Australian Cultural Exchange: Money

What we thought was wrong. We were thinking, Oh, the Australian dollar is like what the Canadian dollar used to be, especially for those of us living across the border, you know before the American dollar went to the toilet. Much to our dismay, the fates of both the Canadian and Australian dollars are the same: they have reached near equality to the American dollar. Of course, I’m pretty sure that has little to do with the achievements of those two countries’ dollars and more to do with the aforementioned fate of the American dollar. We’ve sunk to their level. Even when we were registering for the conference a few months ago, it seemed like there was some semblance of a discount in the exchange. Whenever we exchanged cash, there was between 95-99 Aussie cents to the American dollar. So for all intents and purposes: the same. Especially when all but the Melbourne airport exchange charged a small obnoxious fee.

Stuff’s expensive in Australia, yo! If the exchange would’ve been more in our favor, things would’ve balanced out, but thanks to our president (and I blame him ’cause it’s easy), there was no balancing out nothin’.

Things we noticed that are particularly expensive: Food/Going out to eat or getting coffee; books; CD’s; movie tickets.

Food is probably what we spent most day to day money on, I’d guess. Even McDonald’s was a little like Whoa! But we sure weren’t going to eat at McDonald’s every damn day (though like I said, yay for their coffee.) I’ll get into what we ate later, cos you know that’s important. But things were often more expensive than they are here across the board. When an omelet is around $10 or more, you know things are a little scewed.

The average price of a CD is about $25. Their sale stickers often say “Only $19.95!” What? Not on sale. We hit up both chain and indie stores. Some cool used places too where things were cheaper, but still. Books were ridiculous. We found some really cool bookstores, but I wasn’t about to pay $40 for paperbacks that looked interesting enough, but not enough for a spur of the moment purchase. Ernie found Australian plays, including one that we saw at the congress, so that was worth the cash. I jotted down some titles that are probably available here, or at least Amazon.uk where even after the import, I could still probably get them cheaper.

We went to see a movie in Sydney. Tickets were $16. Hellawhat?! We saw the new Indiana Jones (which was fun, and fun seeing it with Cate Blanchett’s people). Maybe cos it was the day after the opening at the theatre where Miss Blanchett attended the premier, or the particular time, or what. Don’t know. But ‘spensive! For $16, I want to ride in the jeep with Harrison Ford myself!

So, that’s money. We took some change with us out of Australia’s economy. Hope it doesn’t miss it too much.
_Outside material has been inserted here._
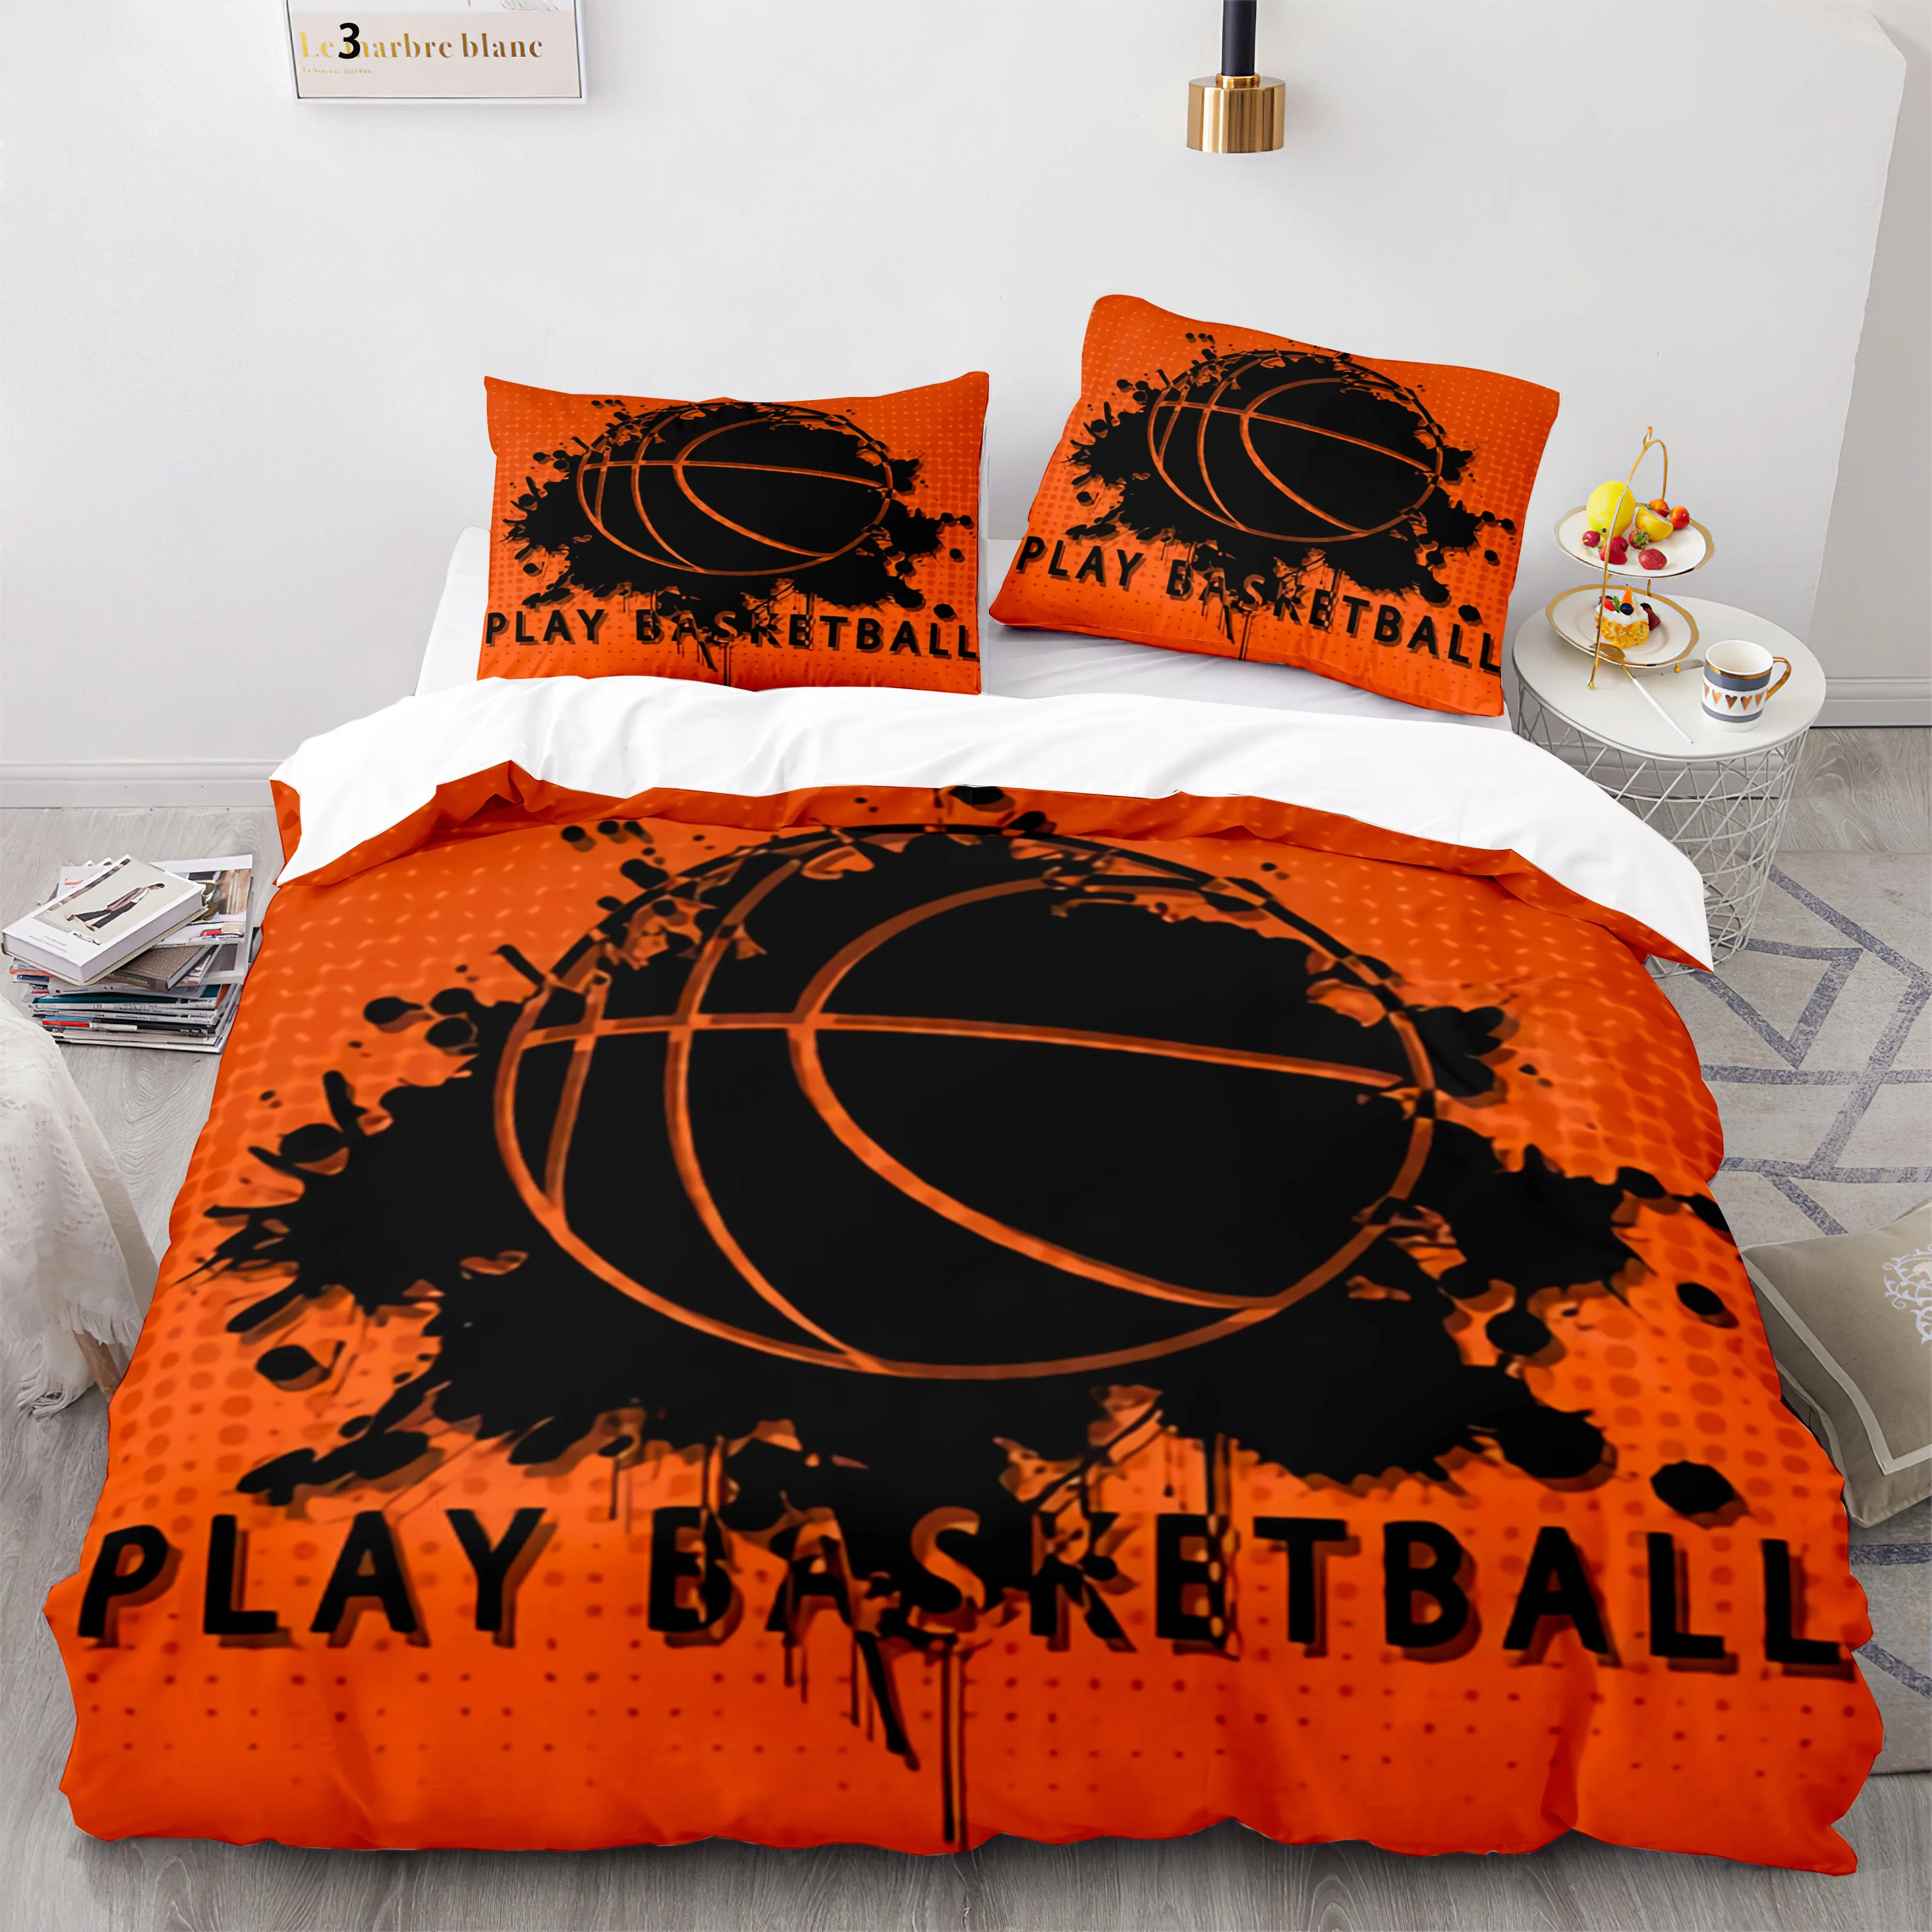 

Cartoon Basketball Pattern Painting Multiple Color Duvet Cover Set Bed Sheet Pillowcases Luxury Queen Comforter Bedding Sets

We tried not to, but being the caffeine addicts we are, the only coffee place we found in our neck of the Sydney airport didn’t take plastic, and we’d spent all our Aussie cash. I tried to exchange $10, but with a bloody $3 fee, we wouldn’t have enough. So I exchanged a $20, bought our coffee and some gum, and just said to hell with out. Their change is funny. The $2 coins are the smallest coin, except for their nickel. Their dollar coins are a little bigger. Their 20 cent coins are bigger than our quarters. Their 50 cent pieces could really do some damage. They got rid of pennies about 20 years ago, and round up or down at the register. And I guess they tried introducing a $5 coin, but the people rebelled. Just like the US gov’t trying to shove dollar coins down our throats every once in a decade, the Australian people have their limits.

Okay, I go for real now. Peace be with you and all that jazz.